In terms of the total emergency room population, about 1 percent have higher potassium. During the years of the study, 308 patients had elevated potassium levels that remained high, while 576 had potassium levels that were high, but that were stabilized through treatment.

Higher potassium levels don’t necessarily require immediate treatment, in part because of a person who vomited several times might be getting fluids that restore the potassium balance

As director of research, Singer balances between his clinical responsibilities and his interest in conducting scientific research. When he sees an issue in the clinic, he can go back to the lab and then translate his research into clinical practice.

Viccellio said Singer is “internationally renowned” as a researcher and that he was a “superstar from day one.” 

Singer’s primary interests are in acute wound care and burns. He has recently been studying a new, minimally invasive, nonsurgical technique to remove dead tissue after burns that involves an enzymatic agent and has been involved in several promising clinical trials of this technique.

Viccellio said Singer has done “fantastic work” on cosmetic repair of facial lacerations. Viccellio also suggested that Singer was “like the Bill Belichick” of research, helping numerous other people who went on to become research directors at other institutions.

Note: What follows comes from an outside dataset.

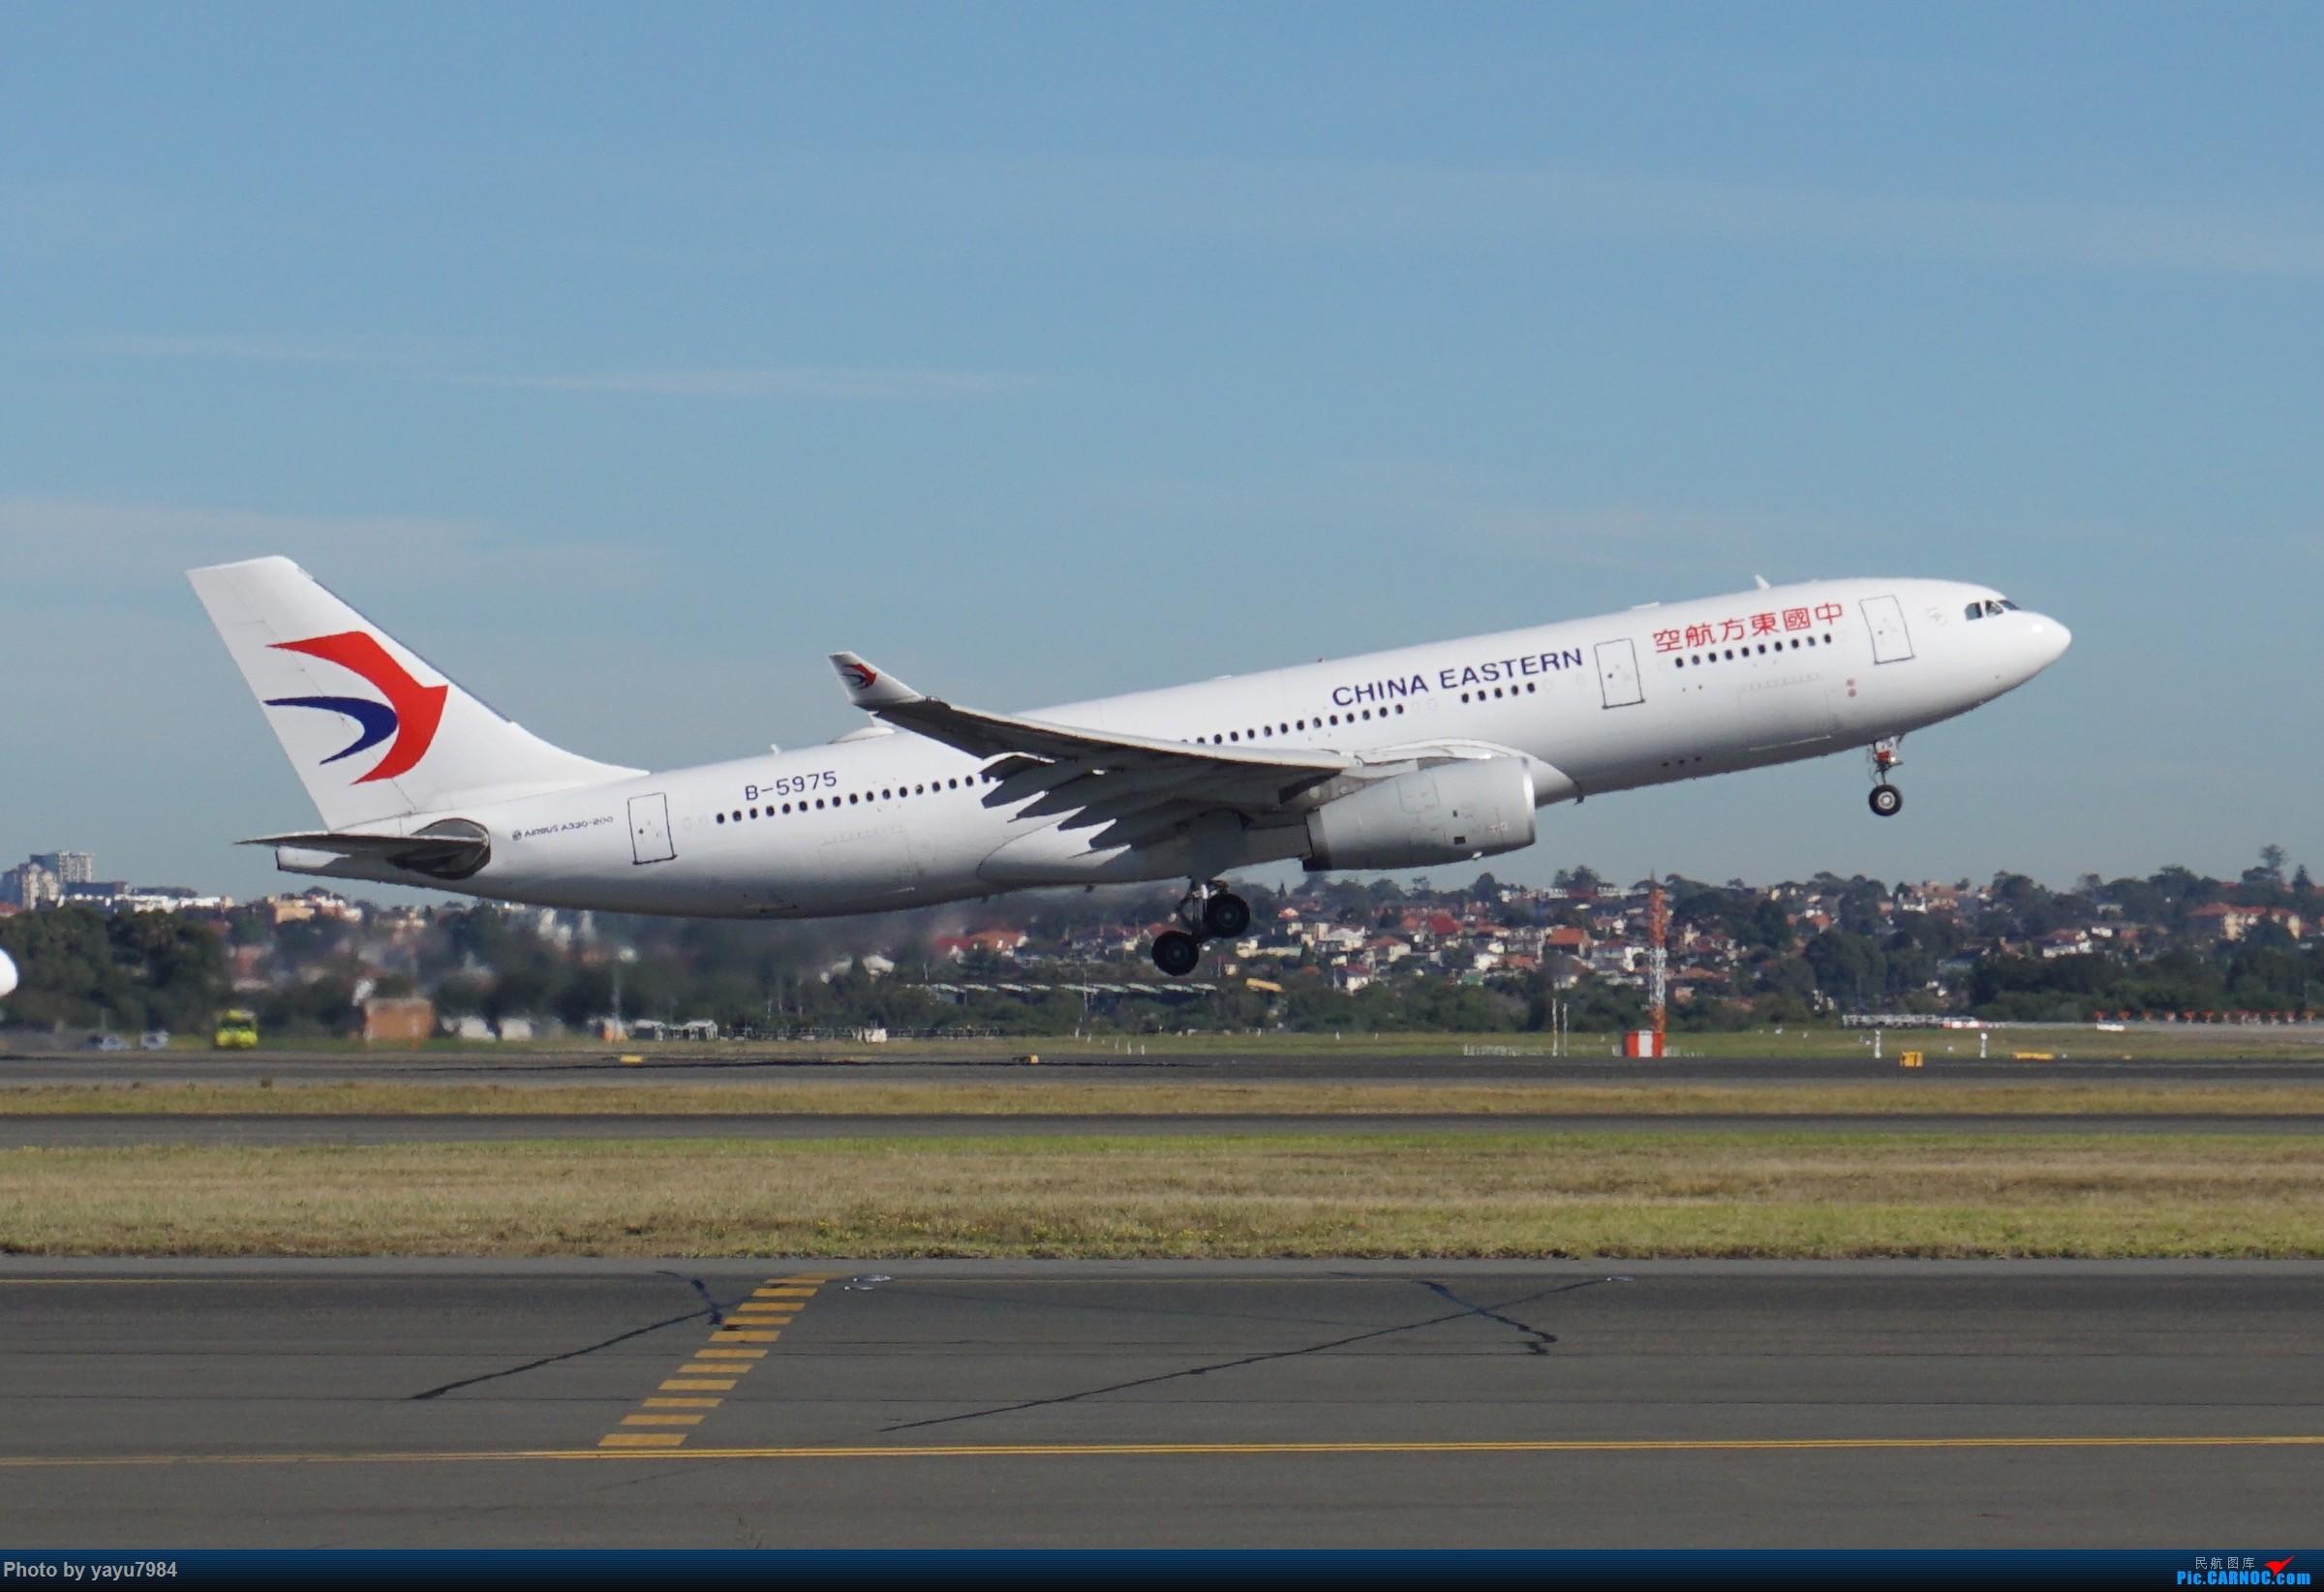 Re:[原创][SYD] 晨悉尼,Blu Emu停车场里拍34L起飞以及滑行 AIRBUS A330-200 B-5975 澳大利亚悉尼金斯福德·史密斯机场
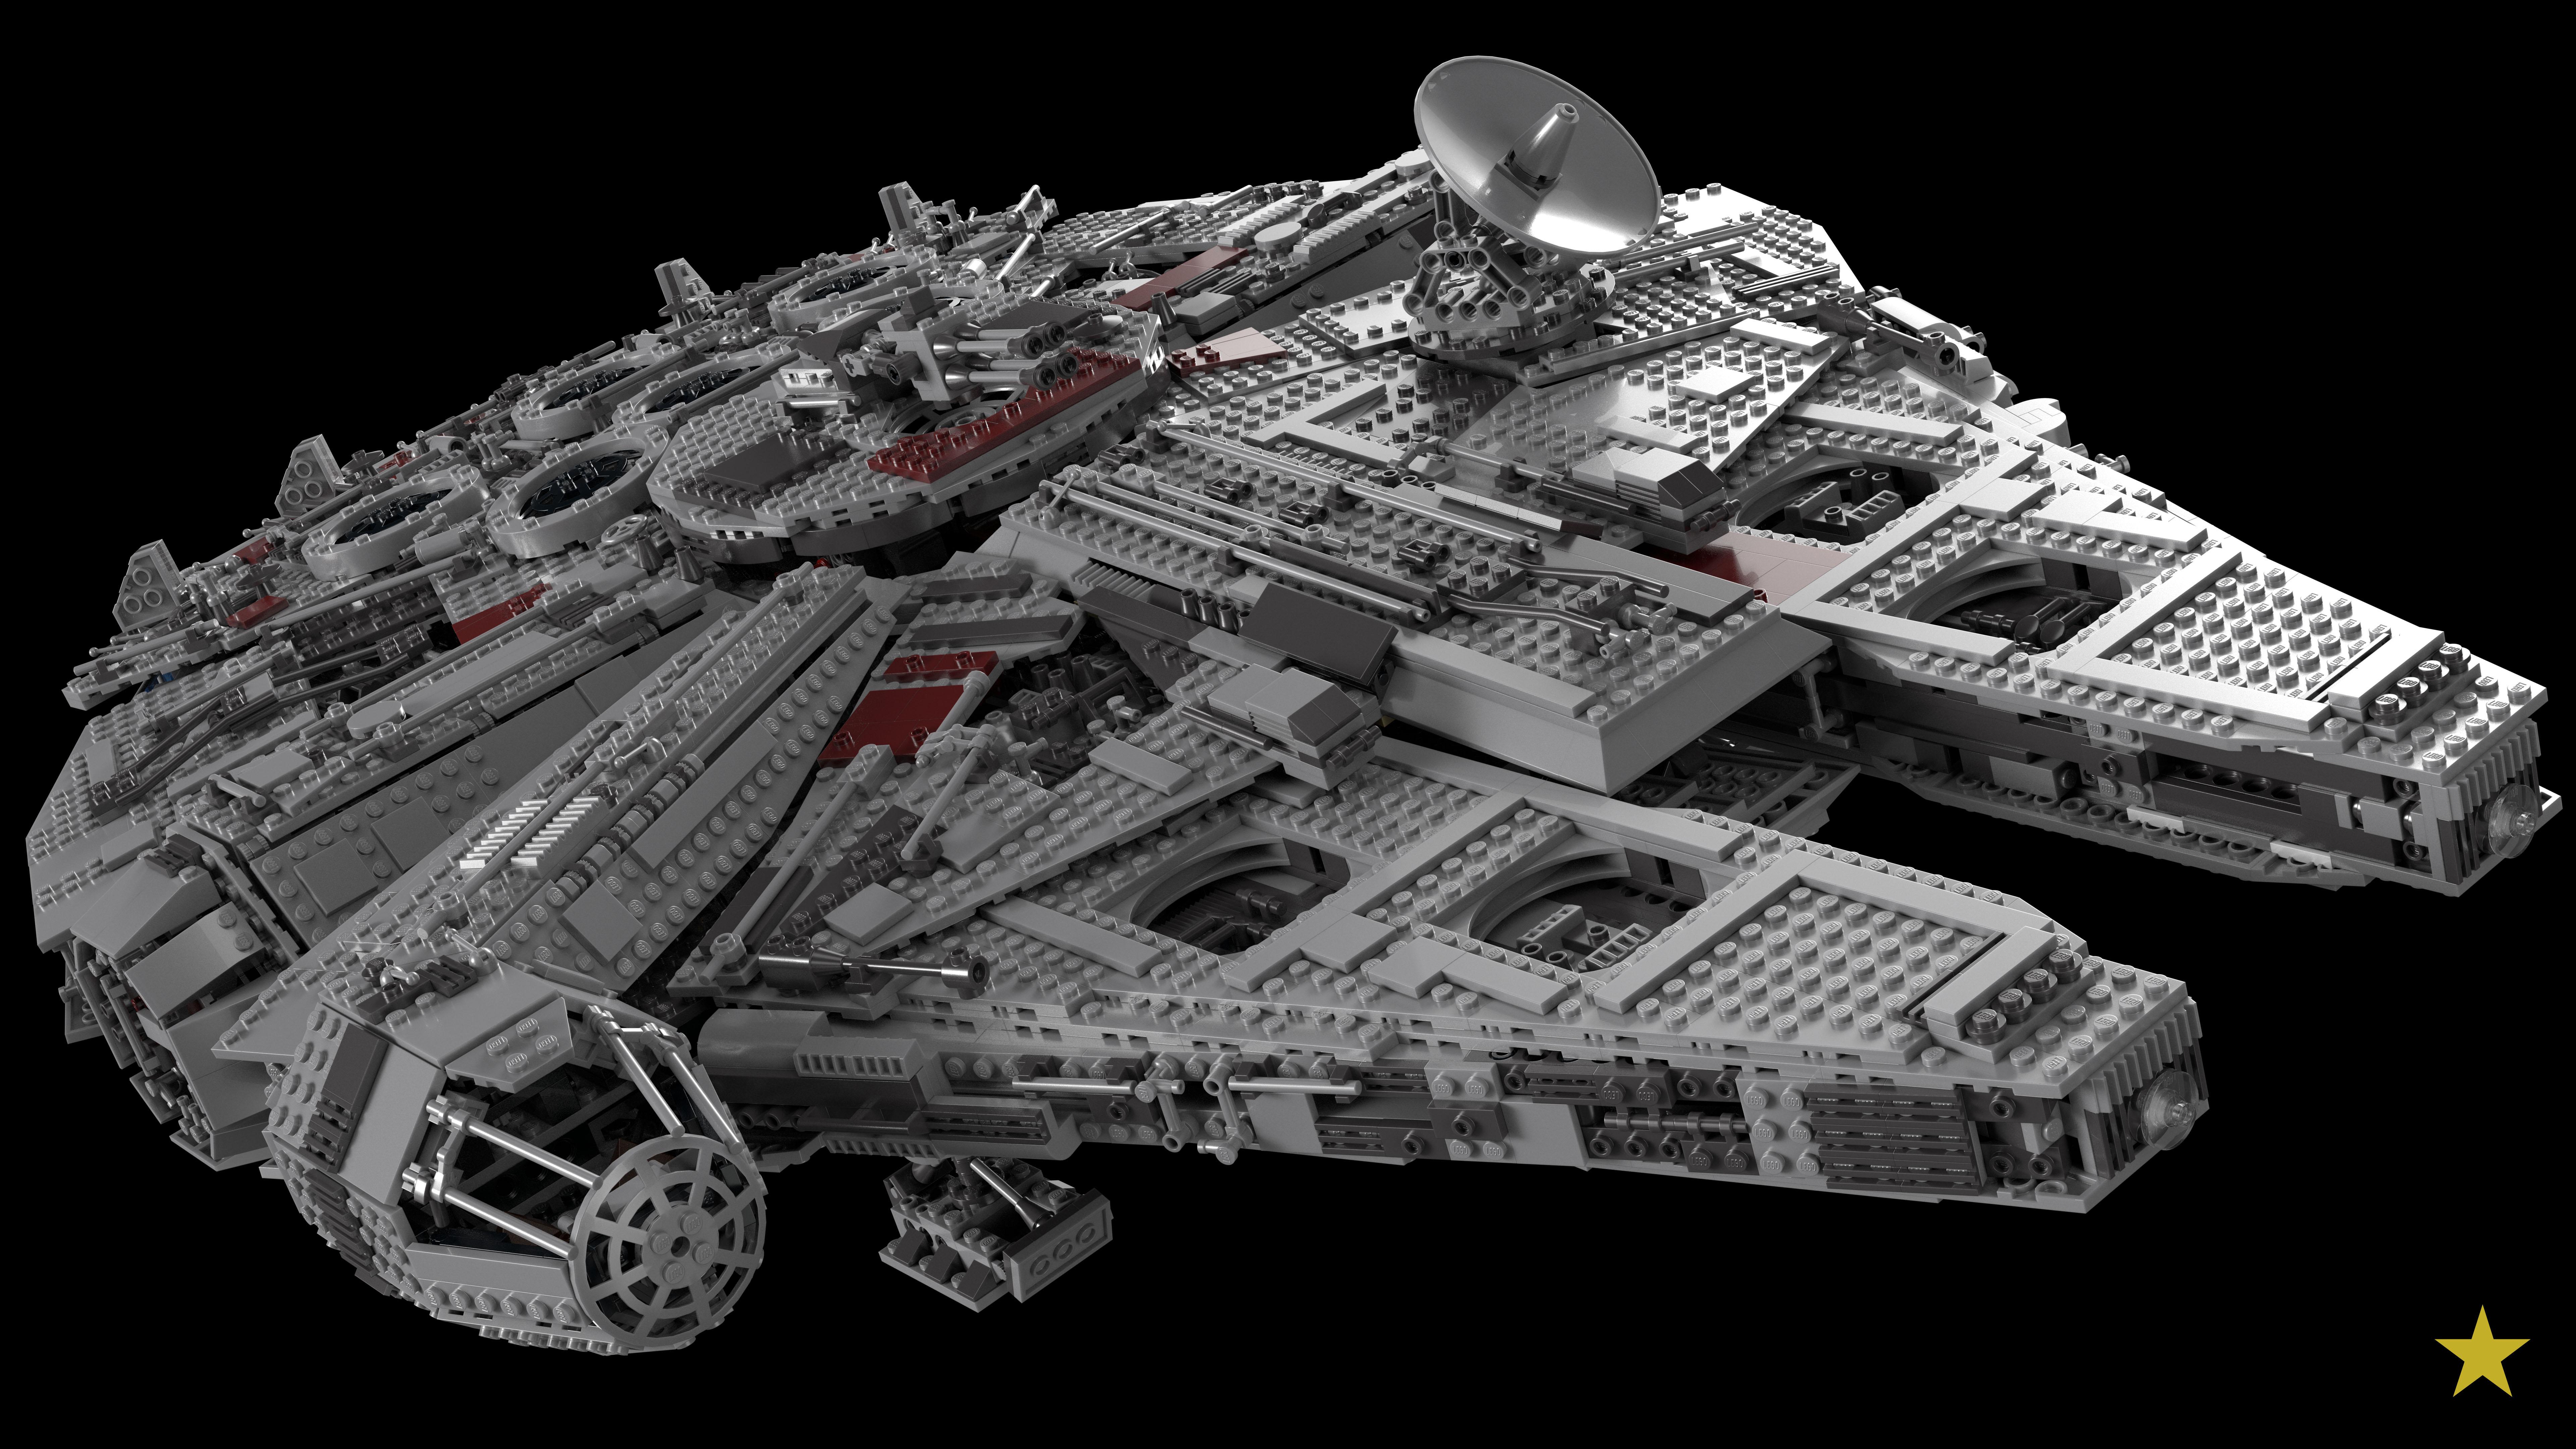 [Image: 10179_Millennium_Falcon_UCS_v03_Front_8K.jpg]

A resident of Setauket for the last quarter of a century, Singer and his wife, Ayellet, have three children. Following in his father’s footsteps, his son Daniel is finishing his residency in emergency medicine at Stony Brook. 

While Singer was born in Philadelphia and lived in Israel for part of his life, including during medical school, he has roots on Long Island. His grandparents originally lived in Ronkonkoma. Singer Lane in Smithtown, which was named after his realtor grandfather Seymour Singer, includes the one-room schoolhouse where Walt Whitman was a schoolmaster. 

As for his work on hyperkalemia, Singer is pleased with the way he and his colleagues at Stony Brook have contributed to an awareness of the dangers of this condition. “We are identifying these patients and treating them,” he said.